Adaptive Sampling of k-Space in Magnetic Resonance for Rapid Pathology Prediction
Chen-Yu Yen, Raghav Singhal, Umang Sharma, Rajesh Ranganath, Sumit Chopra, Lerrel Pinto
TL;DR
This work tackles the challenge of long MR scan times by reframing data collection as a sequential decision process that directly optimizes pathology prediction from sparse k-space data. ASMR learns a reinforcement learning policy, via Proximal Policy Optimization, to sequentially select k-space columns with a reward based on the log-likelihood of pathology labels given the undersampled data, bypassing image reconstruction. Across knee, brain, and prostate datasets, ASMR achieves near-fully sampled performance at only $8\%$ of the k-space and outperforms state-of-the-art non-adaptive and reconstruction-optimized sampling methods on most tasks. The results demonstrate the potential for reconstruction-free, adaptive acquisition to enable rapid MR-based screening at population scale, while highlighting avenues for extending to multi-coil data and volumetric/pathology segmentation applications.
Abstract
Magnetic Resonance (MR) imaging, despite its proven diagnostic utility, remains an inaccessible imaging modality for disease surveillance at the population level. A major factor rendering MR inaccessible is lengthy scan times. An MR scanner collects measurements associated with the underlying anatomy in the Fourier space, also known as the k-space.

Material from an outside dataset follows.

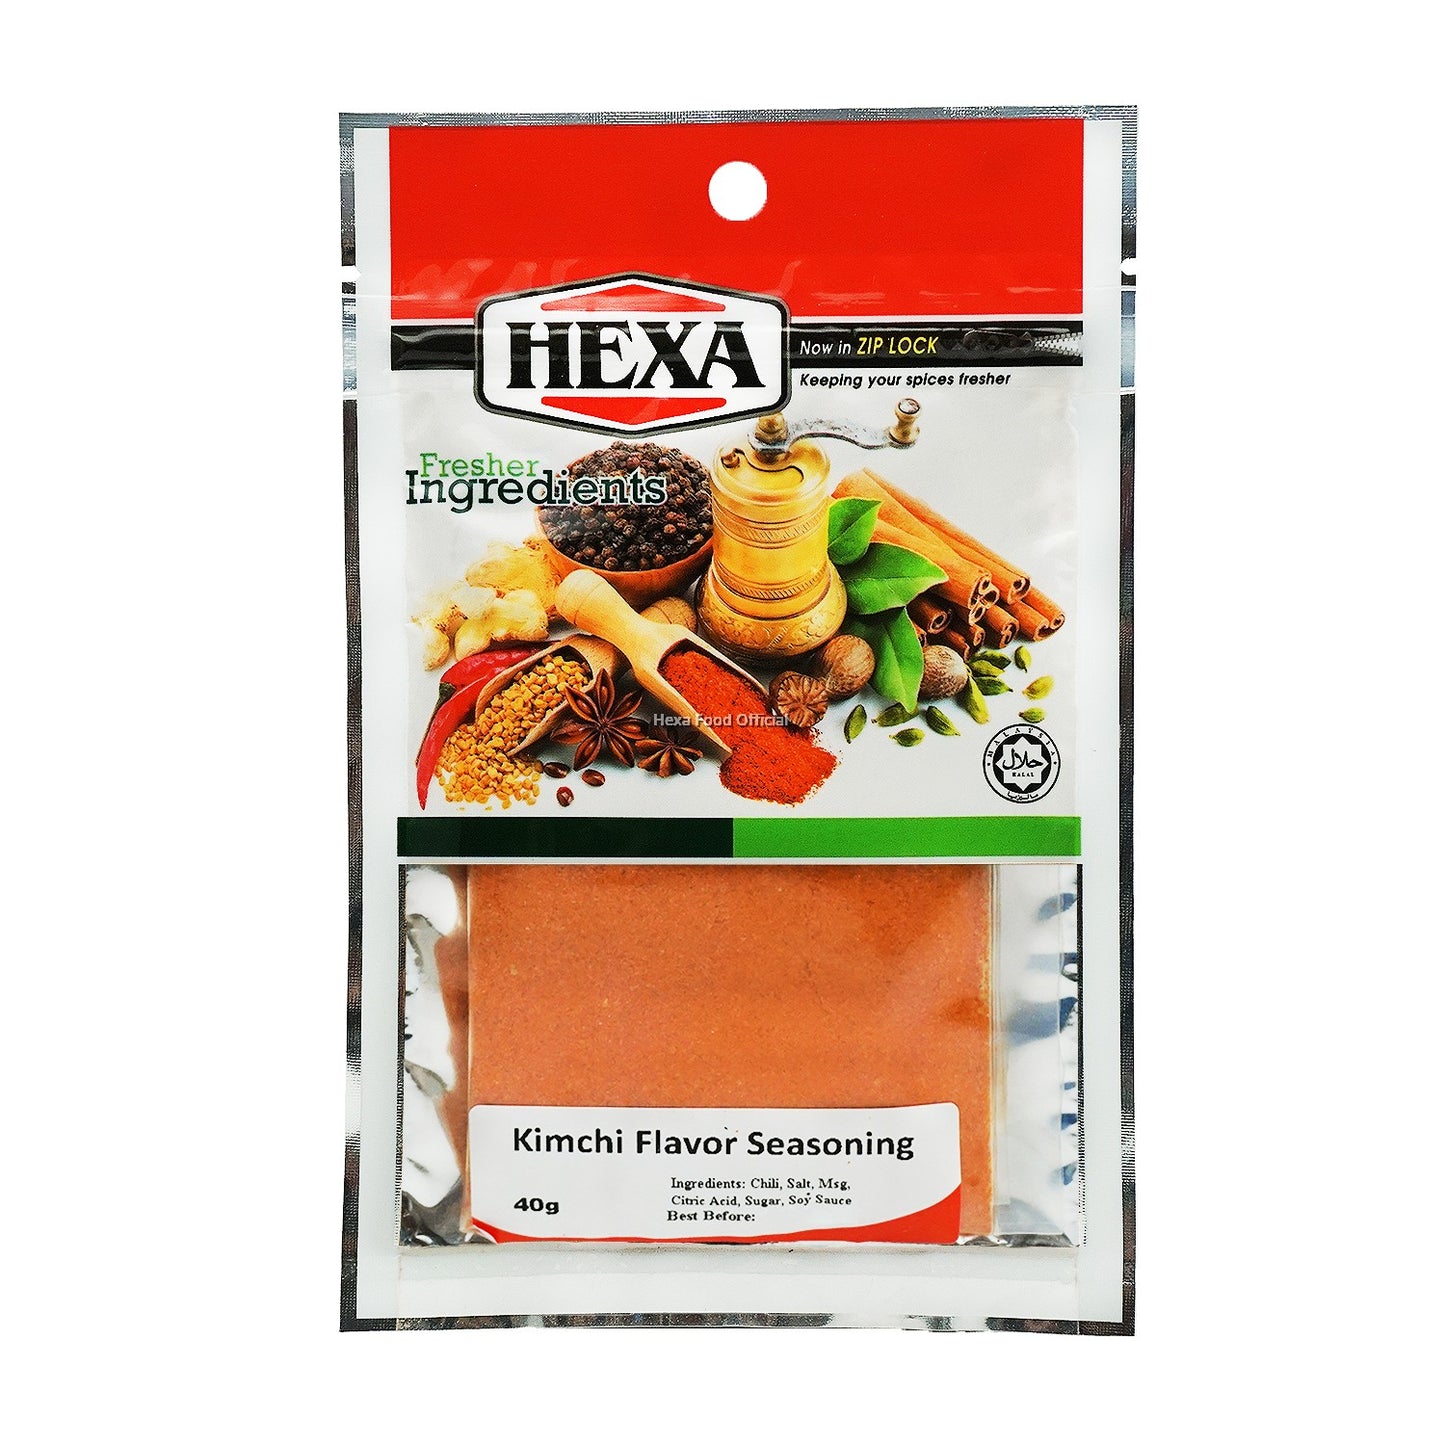 HEXA HALAL Kimchi 40gm + HEXA HALAL Cajun Spice 30gm + HEXA HALAL BBQ Flavor Seasoning 50gm

Creating a high-fidelity image requires collecting large quantities of such measurements, increasing the scan time. Traditionally to accelerate an MR scan, image reconstruction from under-sampled k-space data is the method of choice. However, recent works show the feasibility of bypassing image reconstruction and directly learning to detect disease directly from a sparser learned subset of the k-space measurements. In this work, we propose Adaptive Sampling for MR (ASMR), a sampling method that learns an adaptive policy to sequentially select k-space samples to optimize for target disease detection. On 6 out of 8 pathology classification tasks spanning the Knee, Brain, and Prostate MR scans, ASMR reaches within 2% of the performance of a fully sampled classifier while using only 8% of the k-space, as well as outperforming prior state-of-the-art work in k-space sampling such as EMRT, LOUPE, and DPS.